Tra le informazioni che un datore di lavoro non può chiedere figurano:

  • Opinioni politiche, religiose o appartenenza sindacale, la cui indagine è vietata dallo Statuto dei Lavoratori.

  • Stato di salute o condizioni mediche, salvo casi particolari legati a specifiche mansioni o all’appartenenza volontaria a categorie protette.

  • Situazione familiare, comprese domande su matrimonio, gravidanza, orientamento sessuale o progetti di avere figli.

  • Dati giudiziari non previsti dalla legge, come la richiesta del certificato dei carichi pendenti.

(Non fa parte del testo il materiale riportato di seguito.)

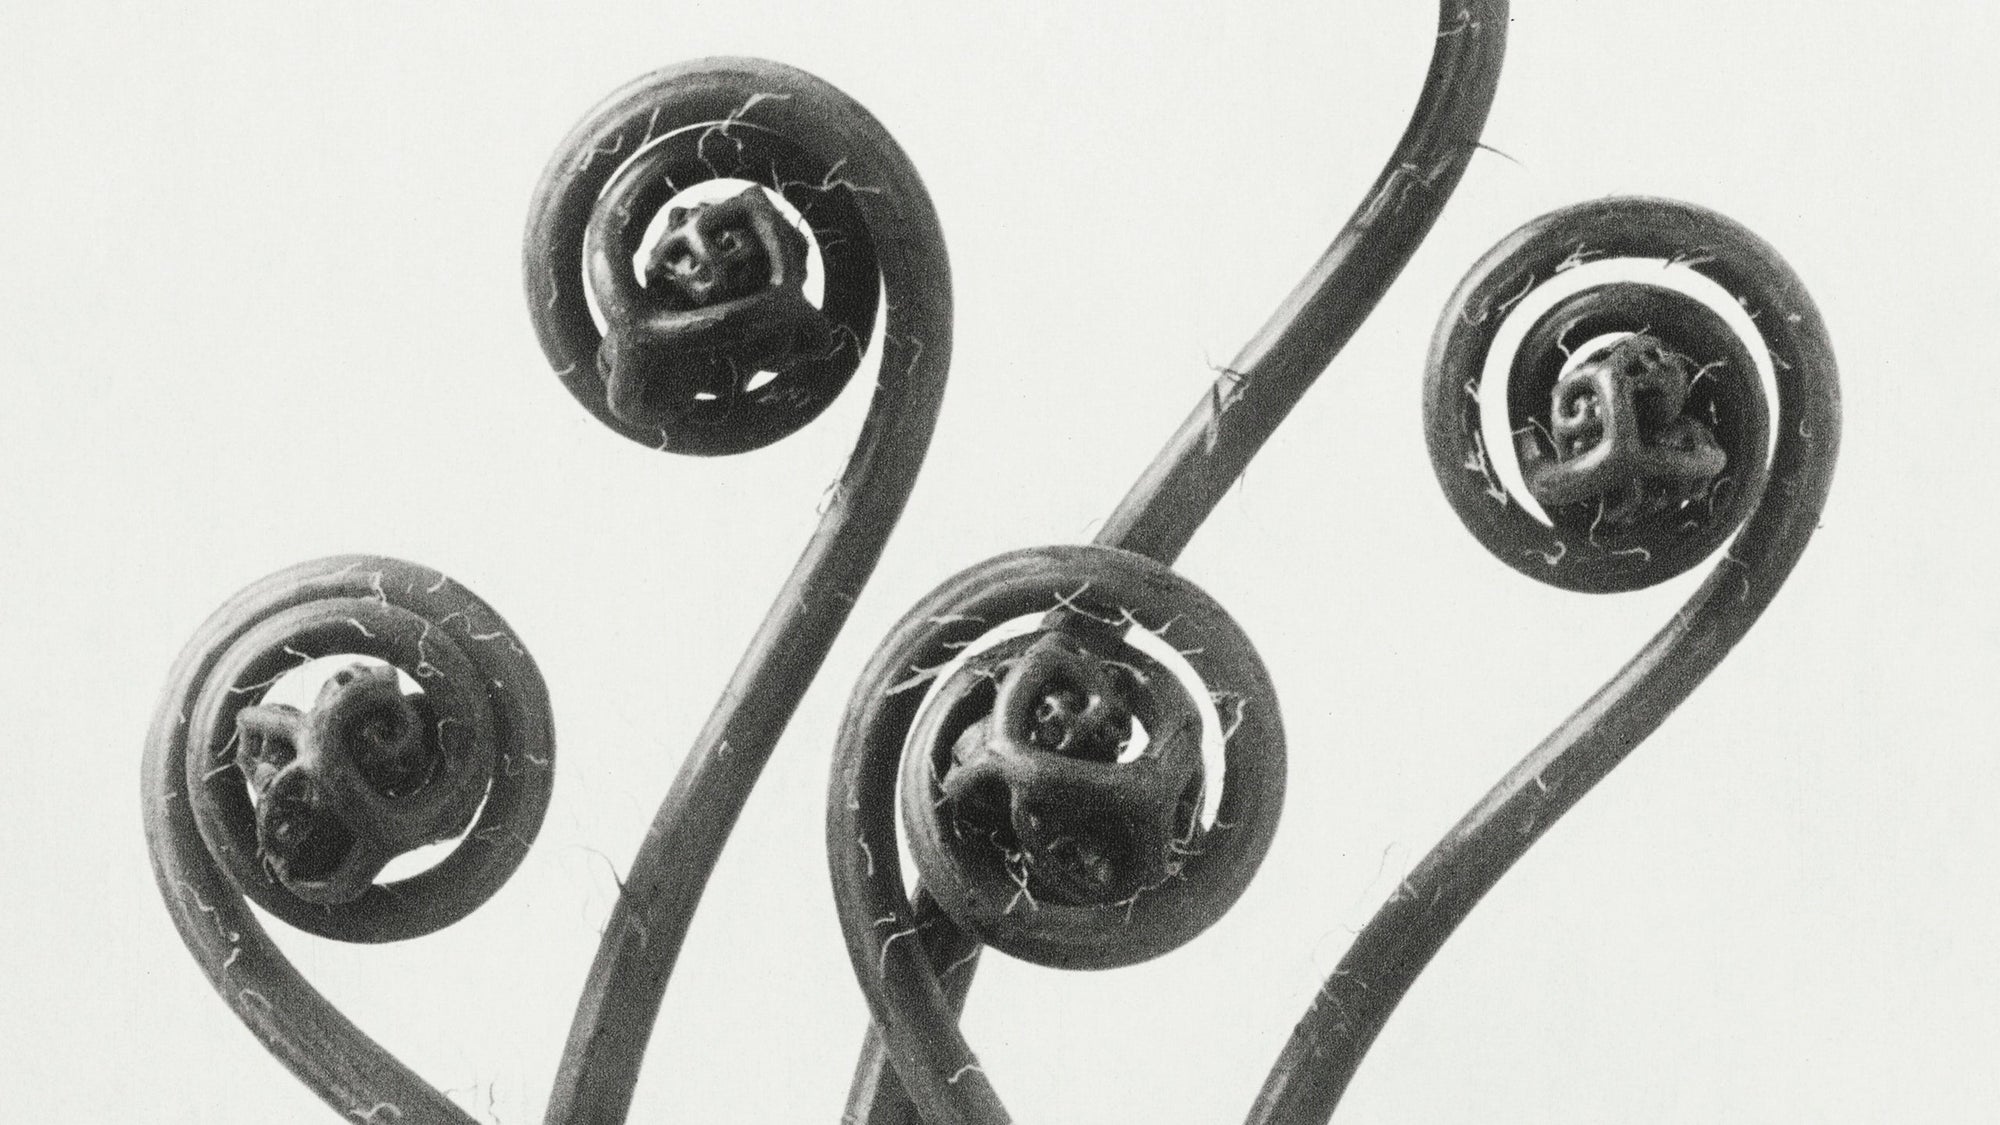 Karl blossfeldt ferns photograph via Rawpixel
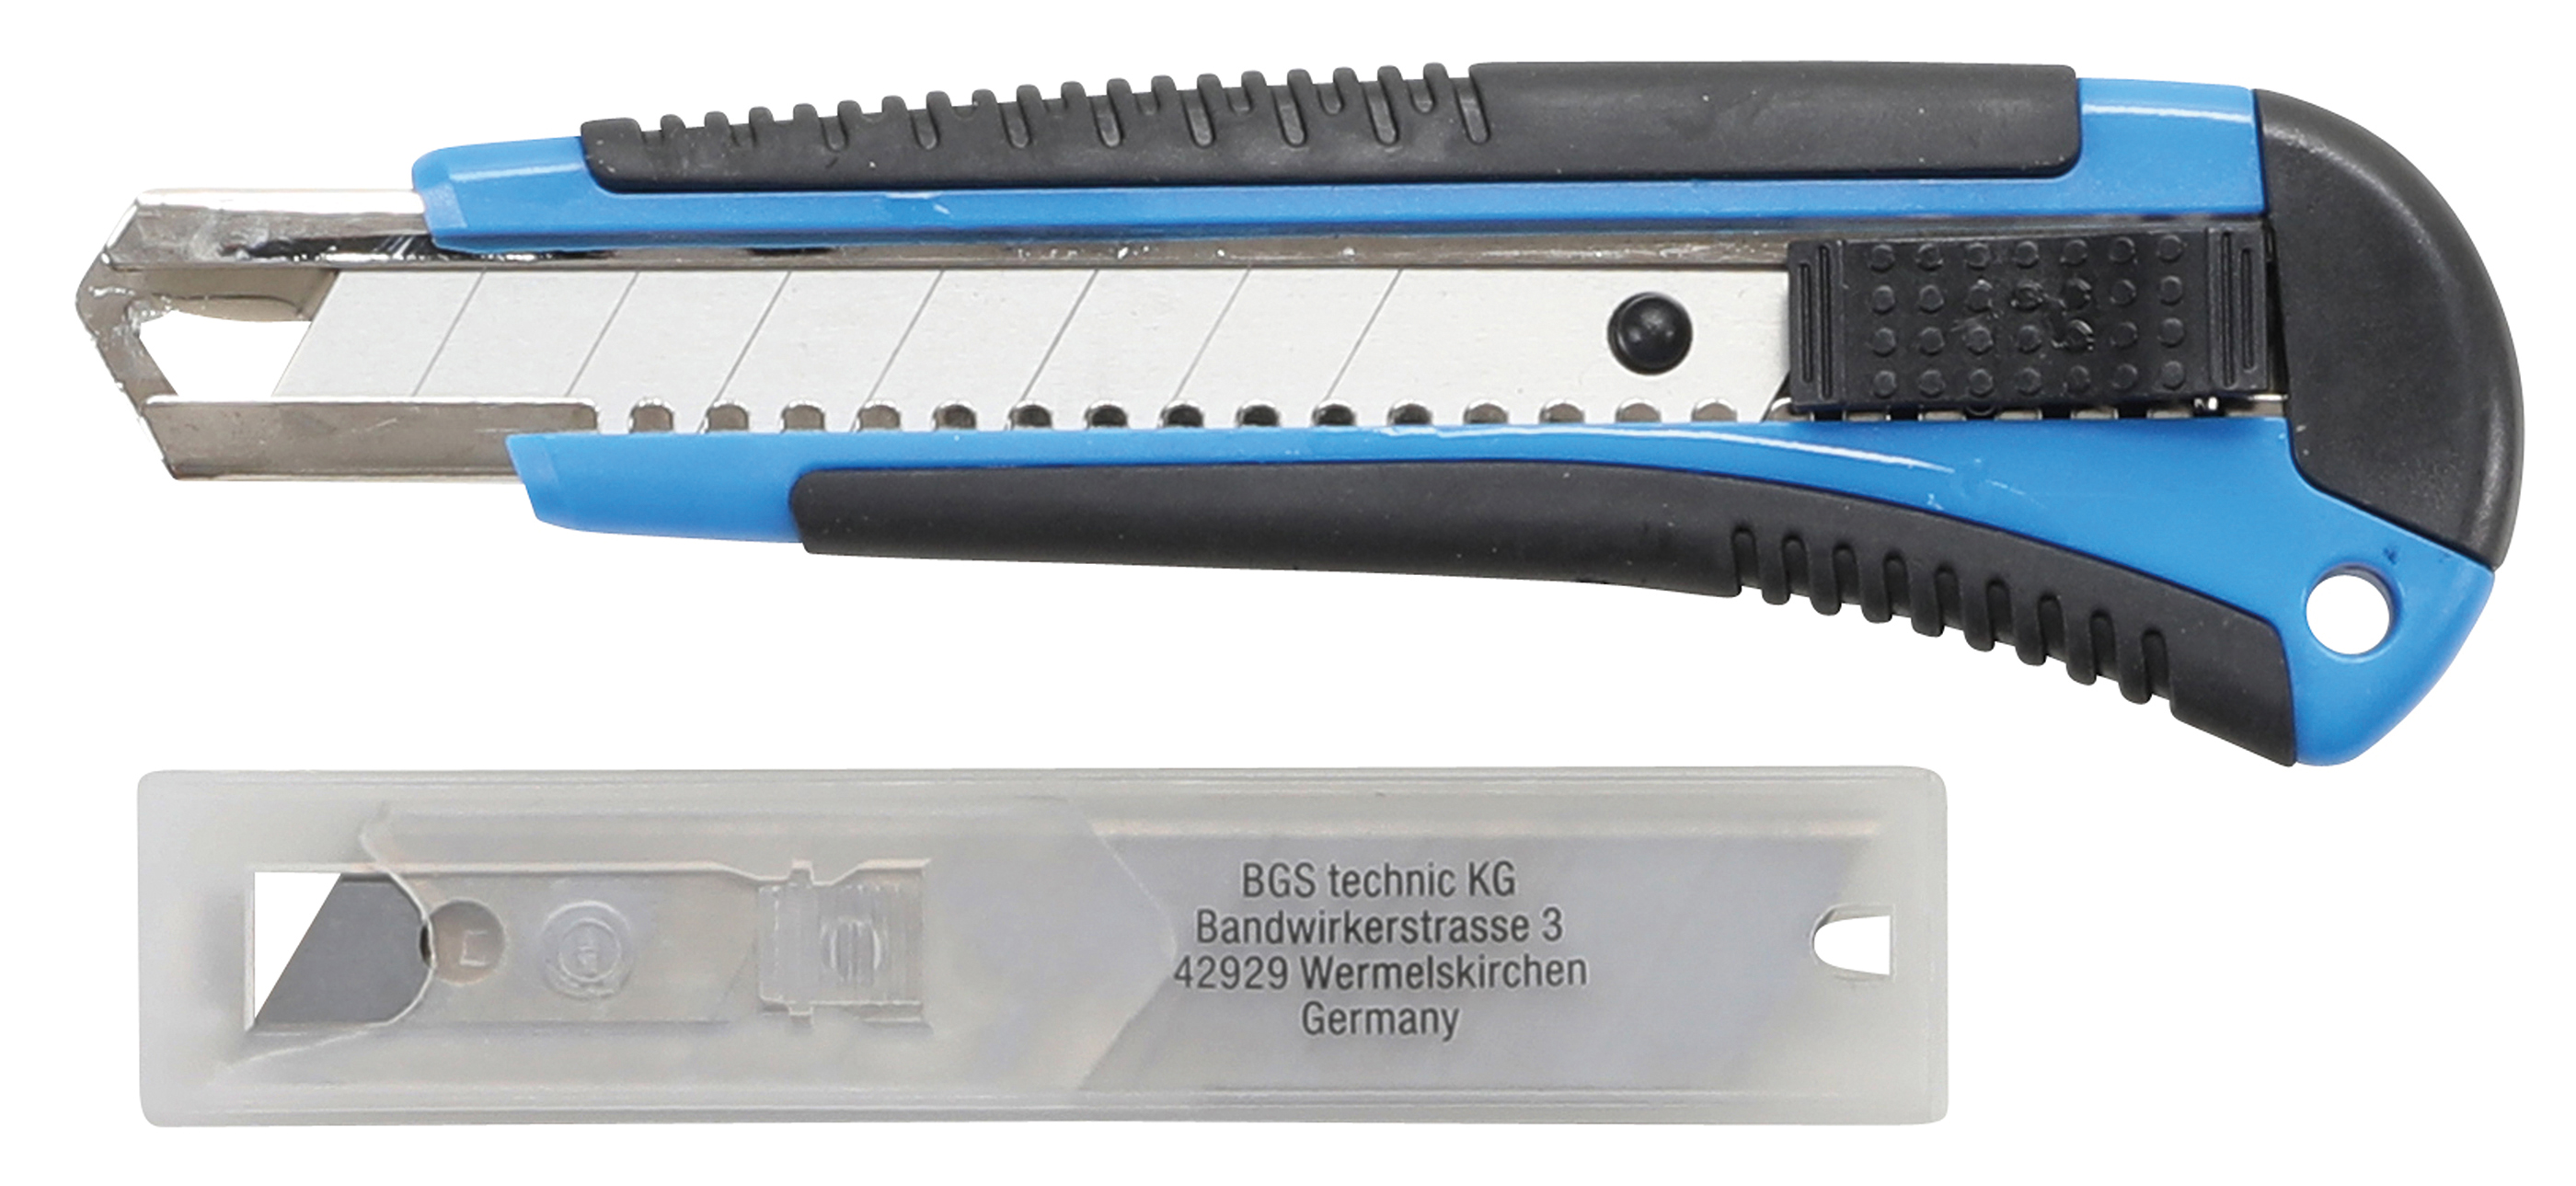 BGS 7955 Cutter cu lama 18mm retractabila, extra heavy duty + set lame de rezerva

Anche i test psicologici o attitudinali possono essere utilizzati solo se realmente pertinenti al ruolo e se gestiti da professionisti qualificati.

Quando queste regole non vengono rispettate, l’azienda può andare incontro a sanzioni amministrative e, nei casi più gravi, anche a responsabilità di natura penale.

Un equilibrio tra selezione e diritti

Il tema della privacy nei colloqui di lavoro è diventato sempre più centrale con l’evoluzione del mercato del lavoro e delle tecnologie di selezione. Curriculum digitali, piattaforme di recruiting e controlli online rendono ancora più importante rispettare le regole sulla protezione dei dati.

Per i candidati conoscere i propri diritti significa poter affrontare un colloquio con maggiore consapevolezza. Per le aziende, invece, significa costruire processi di selezione trasparenti e conformi alla legge, evitando pratiche invasive o discriminatorie.

In un mercato del lavoro sempre più competitivo, il rispetto della privacy non è solo un obbligo normativo: è anche un segnale di correttezza e professionalità.